──────── Data for this exercise ────────

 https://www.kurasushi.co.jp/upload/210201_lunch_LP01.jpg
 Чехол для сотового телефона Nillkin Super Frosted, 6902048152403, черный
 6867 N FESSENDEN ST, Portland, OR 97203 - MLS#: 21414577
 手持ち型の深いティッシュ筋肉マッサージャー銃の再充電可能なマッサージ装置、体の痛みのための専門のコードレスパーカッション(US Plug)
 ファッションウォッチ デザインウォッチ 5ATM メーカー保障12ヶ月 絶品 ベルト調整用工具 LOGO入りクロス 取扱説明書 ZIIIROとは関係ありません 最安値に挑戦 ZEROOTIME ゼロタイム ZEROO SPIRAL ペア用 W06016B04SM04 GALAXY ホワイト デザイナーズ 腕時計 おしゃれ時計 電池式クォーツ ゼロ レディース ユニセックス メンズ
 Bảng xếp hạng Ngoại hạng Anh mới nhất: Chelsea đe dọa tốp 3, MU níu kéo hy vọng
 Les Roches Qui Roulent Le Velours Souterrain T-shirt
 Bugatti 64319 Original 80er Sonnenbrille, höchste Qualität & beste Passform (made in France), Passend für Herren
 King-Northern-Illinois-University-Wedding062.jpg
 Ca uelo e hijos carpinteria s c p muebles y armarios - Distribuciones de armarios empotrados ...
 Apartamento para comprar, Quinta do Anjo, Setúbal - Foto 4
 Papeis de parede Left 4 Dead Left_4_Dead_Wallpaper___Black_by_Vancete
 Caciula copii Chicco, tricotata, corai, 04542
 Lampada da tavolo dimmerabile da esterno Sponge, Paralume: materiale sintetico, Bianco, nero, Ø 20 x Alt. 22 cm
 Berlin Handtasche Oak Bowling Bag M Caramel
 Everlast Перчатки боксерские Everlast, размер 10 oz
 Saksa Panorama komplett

────────

What the task requires
Exactly the lines from the one that holds "Everlast Перчатки боксерские" through the final line of the records above should be written out, and only those.

Written reply
 Everlast Перчатки боксерские Everlast, размер 10 oz
 Saksa Panorama komplett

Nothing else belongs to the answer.